Hours in the US fall below $87,000

Major cryptocurrencies fell during US morning hours on Monday, continuing a now clear pattern of relatively poor performance while trading in US stocks.

Bitcoin is trading fairly stable just below $90,000 overnight fell to $86,800 in mid-morning US trading.

“Since the iShares Bitcoin ETF IBIT began trading, if you had only bought it after hours (buy the close, sell the next open), it has risen 222%,” Bespoke Investment noted. “If I had only owned the intraday (buy the open, sell the close), I would have been down 40.5%.”

Cryptocurrency stocks also started the week significantly lower, with Strategy (MSTR) and Circle (CRCL) falling around 7%. Coinbase (COIN) fell more than 5%, while trading platforms Robinhood (HOOD) and eToro (ETOR) faced smaller drops of around 2%. Brokerage Gemini (GEMI), which soared late last week following approval to add prediction markets to its offerings, retreated 10% on Monday.

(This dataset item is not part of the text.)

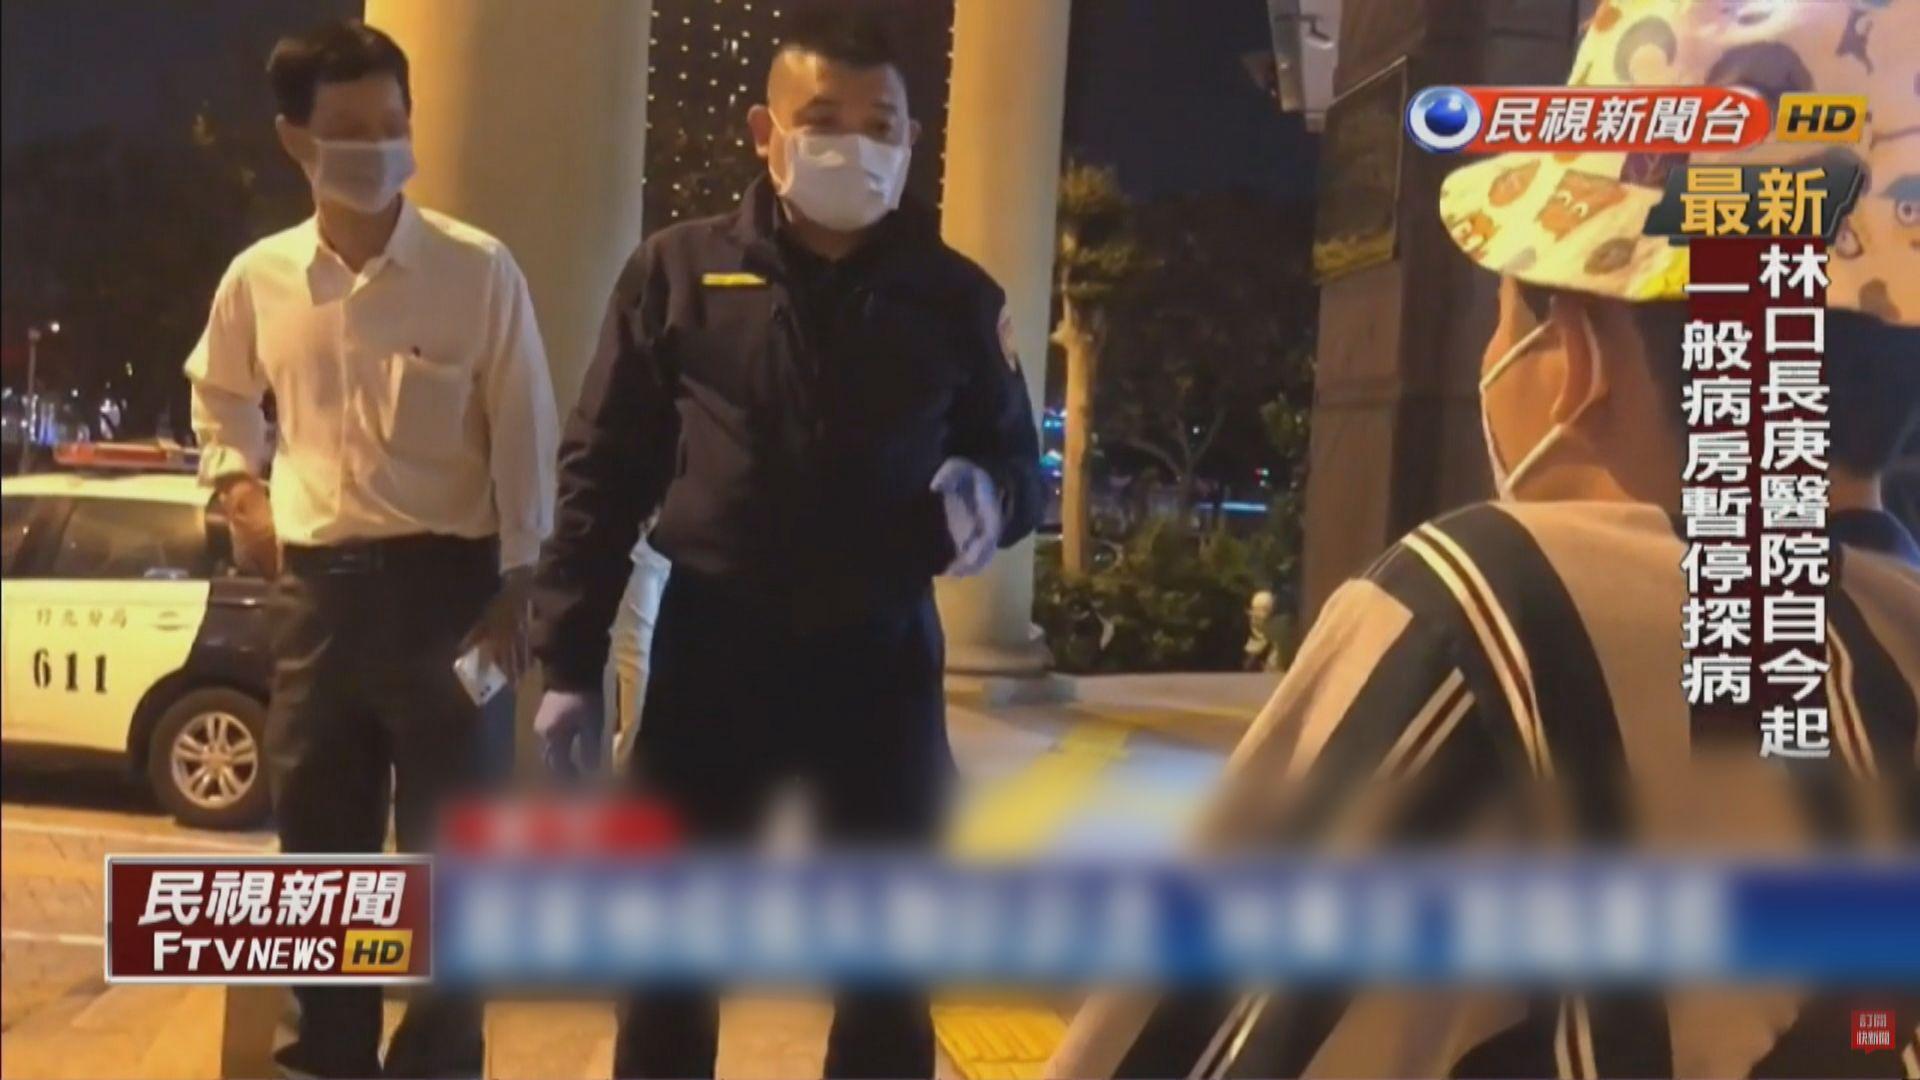 台灣男子居家檢疫期間失聯 罰款百萬新台幣

Crypto miners, many of them closely tied to the data center infrastructure issue that took a hit last week amid artificial intelligence jitters, continued their downward trajectory. CleanSpark (CLSK), Cipher Mining (CIFR), Hut 8 (HUT), and TeraWulf (WULF) all recorded drops of more than 10%.

Macro news at your fingertips

As the U.S. government continues to strengthen following its prolonged shutdown, the Bureau of Labor Statistics will release employment reports for October and November this week. The data will be closely watched to help determine whether the Federal Reserve continues to cut interest rates in early 2026.

Meanwhile, the Bank of Japan is expected to raise its benchmark interest rate for the first time in almost a year.

The Bank of England and the European Central Bank will also meet later this week to discuss monetary policy.